The required output is the line with "Subnautica: Below Zero system requirements" plus all lines that follow it to the end of the listing below, written out exactly, with no pictures.

▸ THE DATA:
• • • • • • •

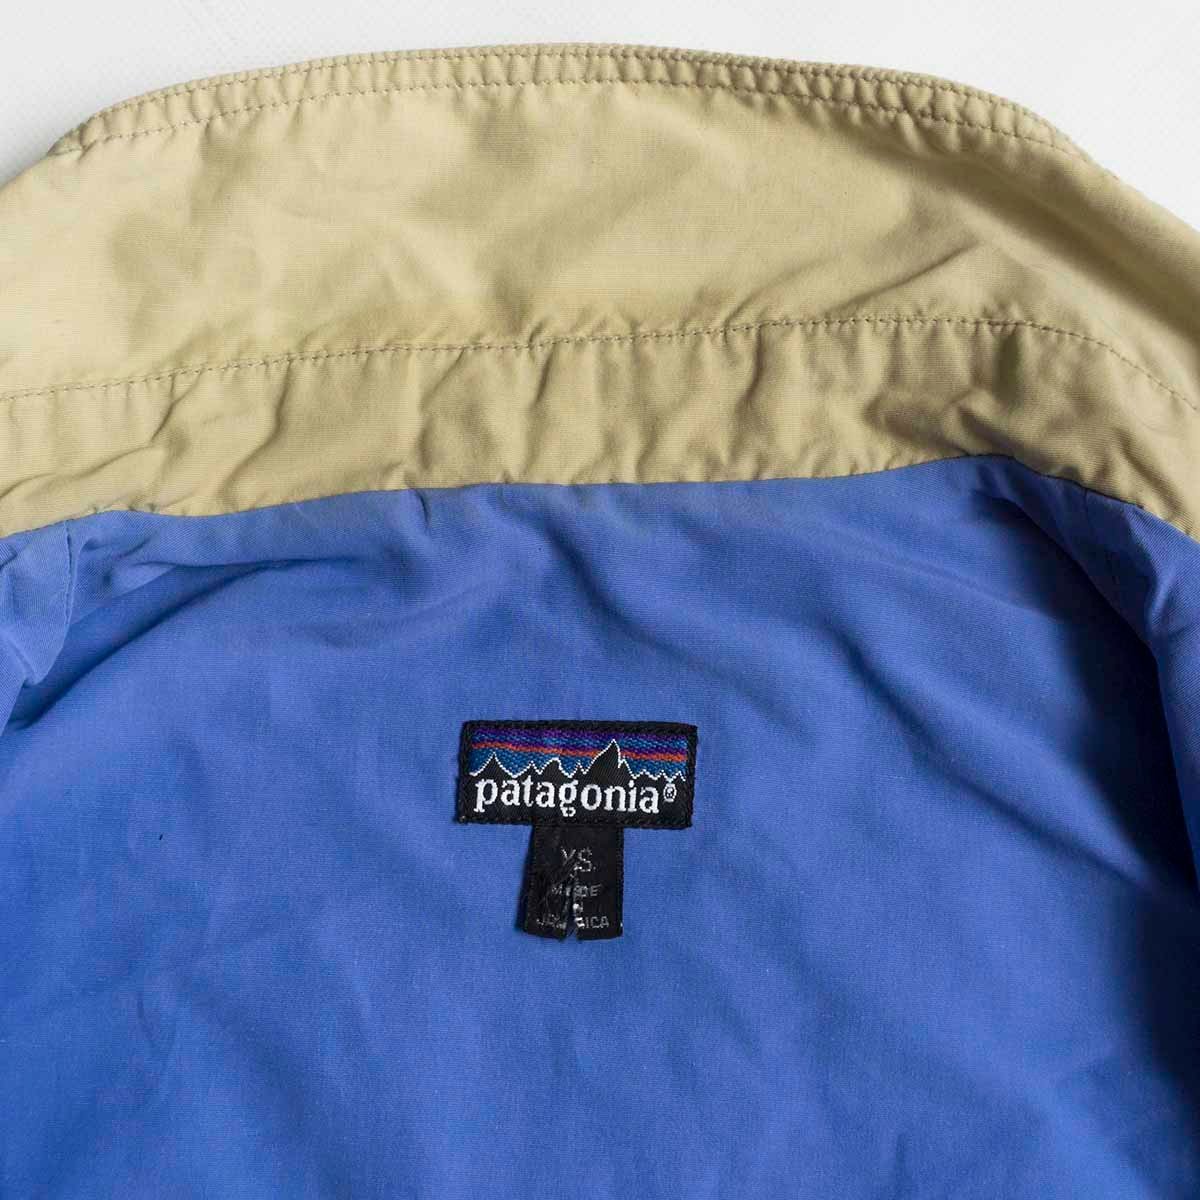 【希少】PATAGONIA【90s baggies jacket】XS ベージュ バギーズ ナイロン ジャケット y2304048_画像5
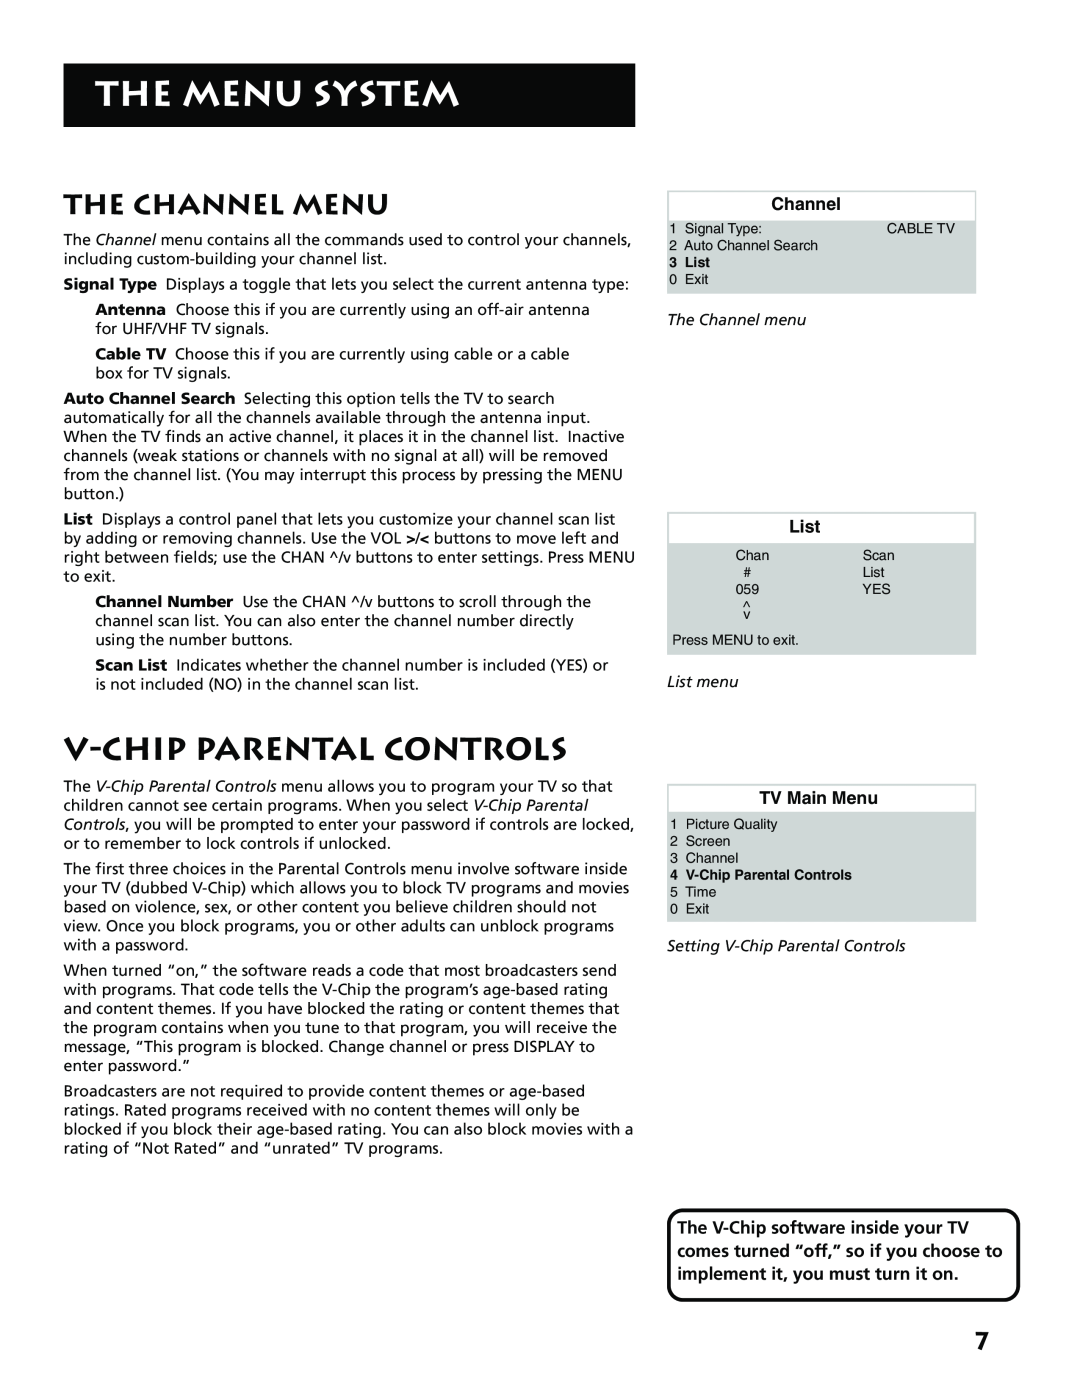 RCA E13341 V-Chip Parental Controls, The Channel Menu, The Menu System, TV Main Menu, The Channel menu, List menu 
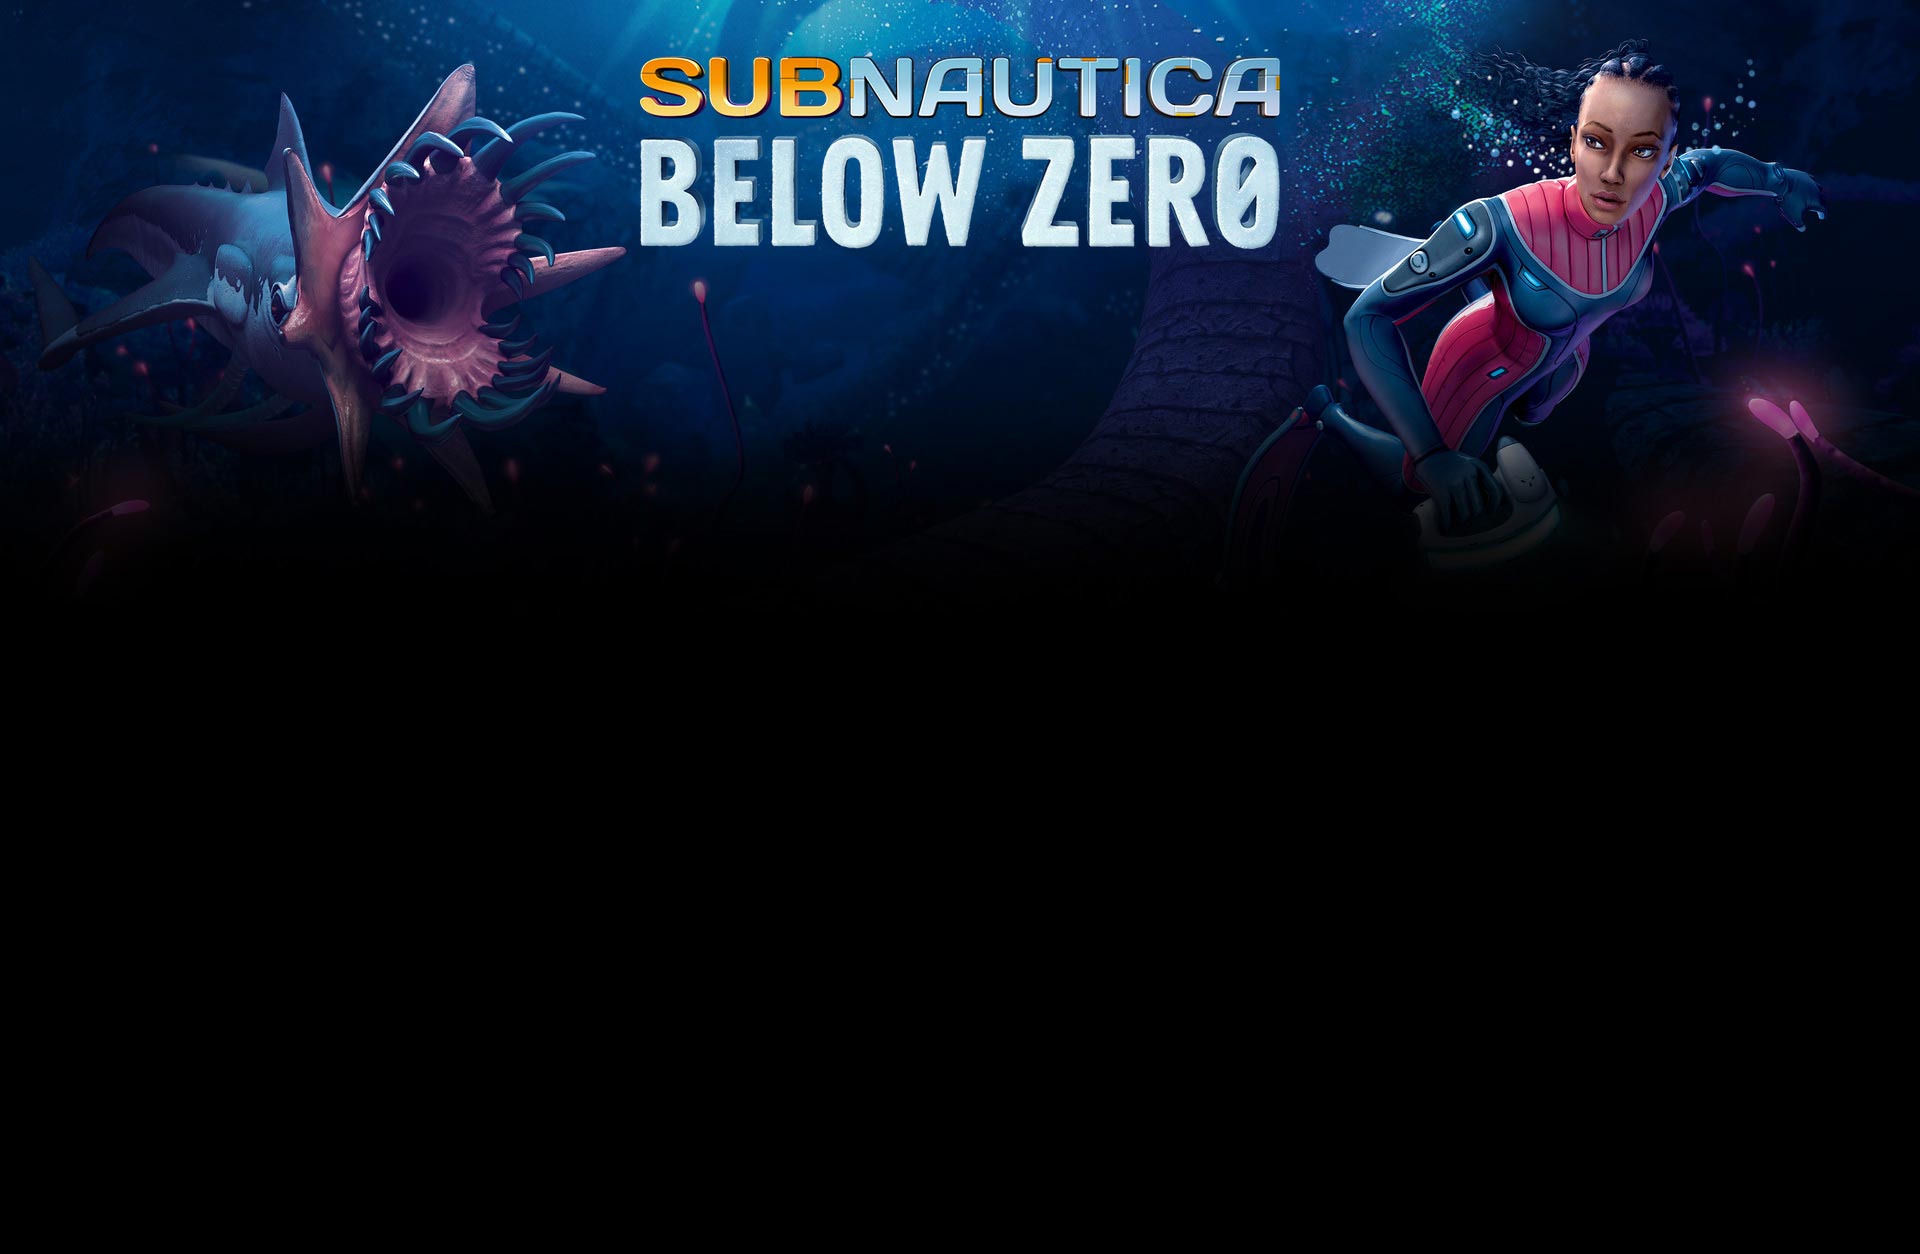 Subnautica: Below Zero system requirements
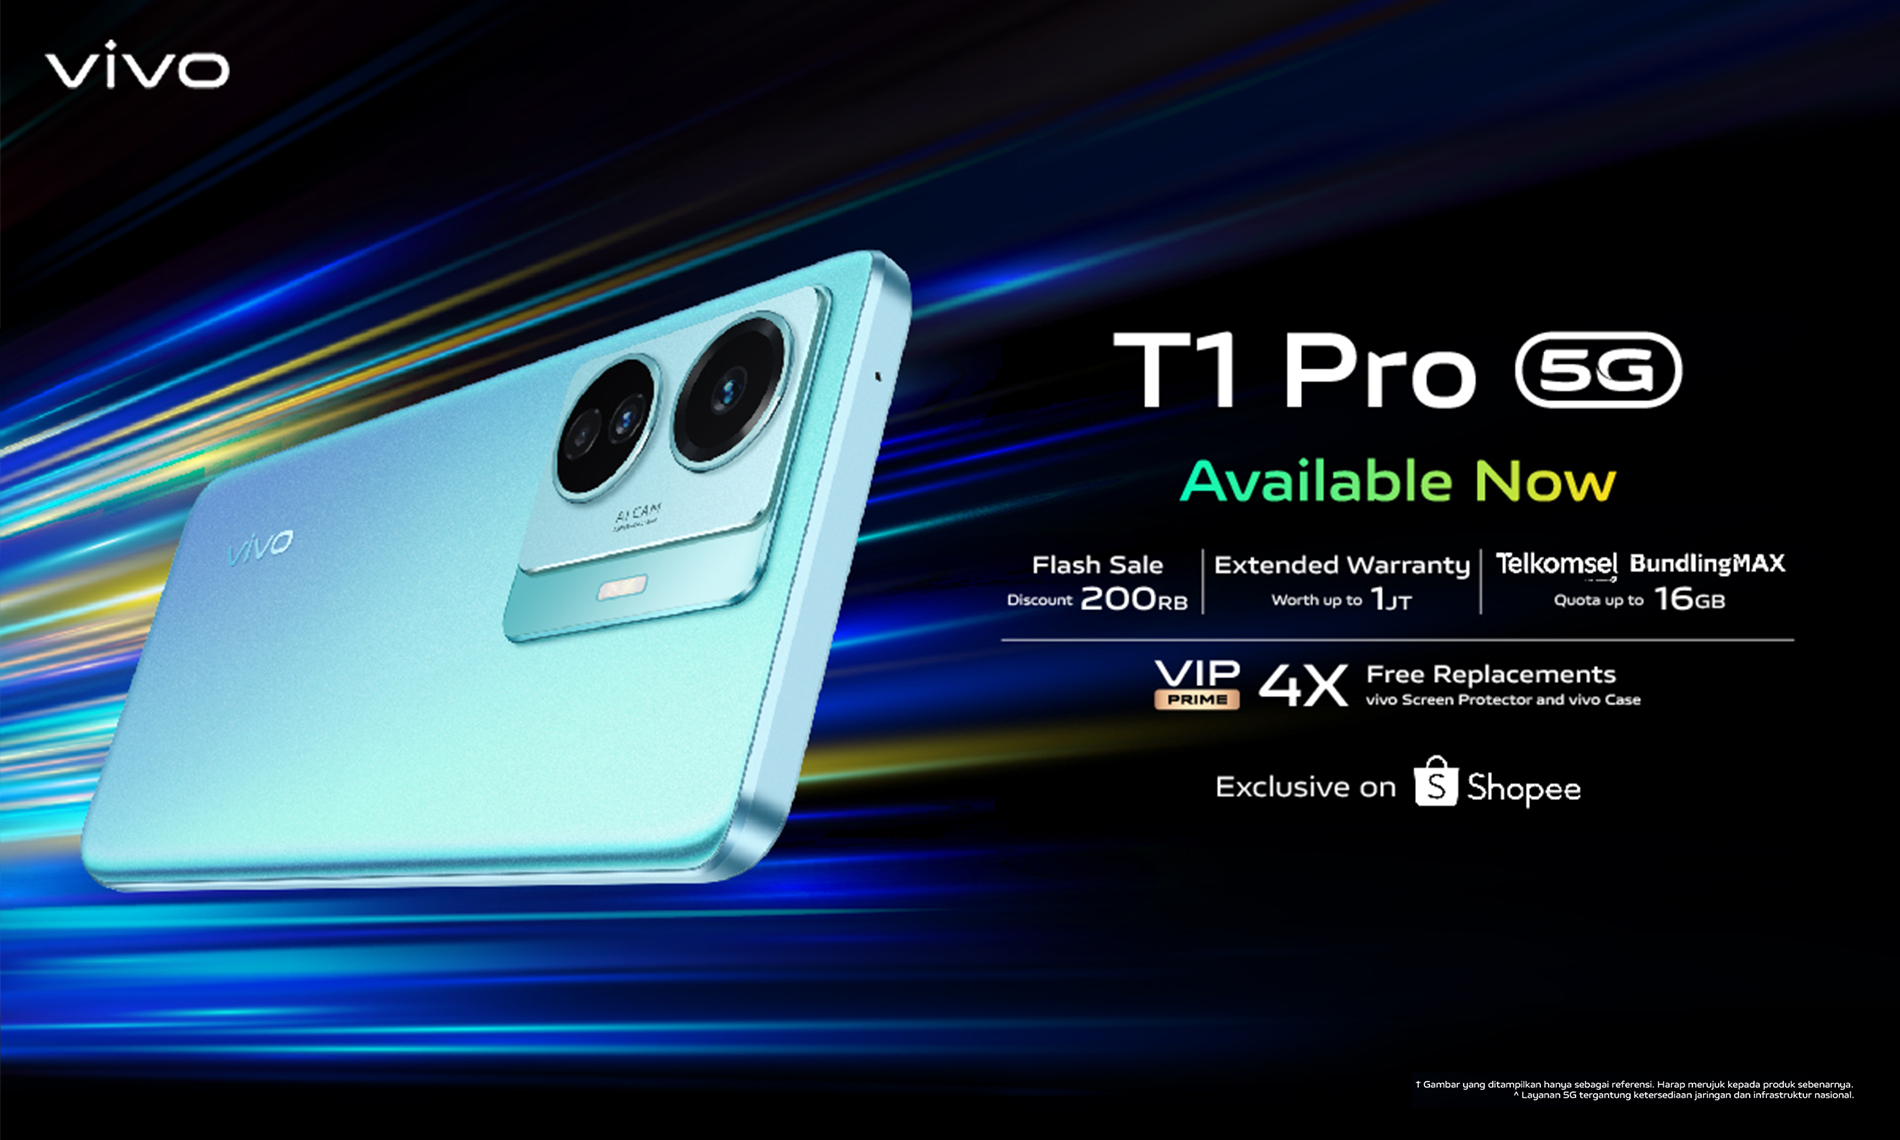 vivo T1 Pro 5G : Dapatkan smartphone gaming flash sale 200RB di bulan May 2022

• • • • • • •

▸ ANSWER SECTION:
 Subnautica: Below Zero system requirements
 vivo T1 Pro 5G : Dapatkan smartphone gaming flash sale 200RB di bulan May 2022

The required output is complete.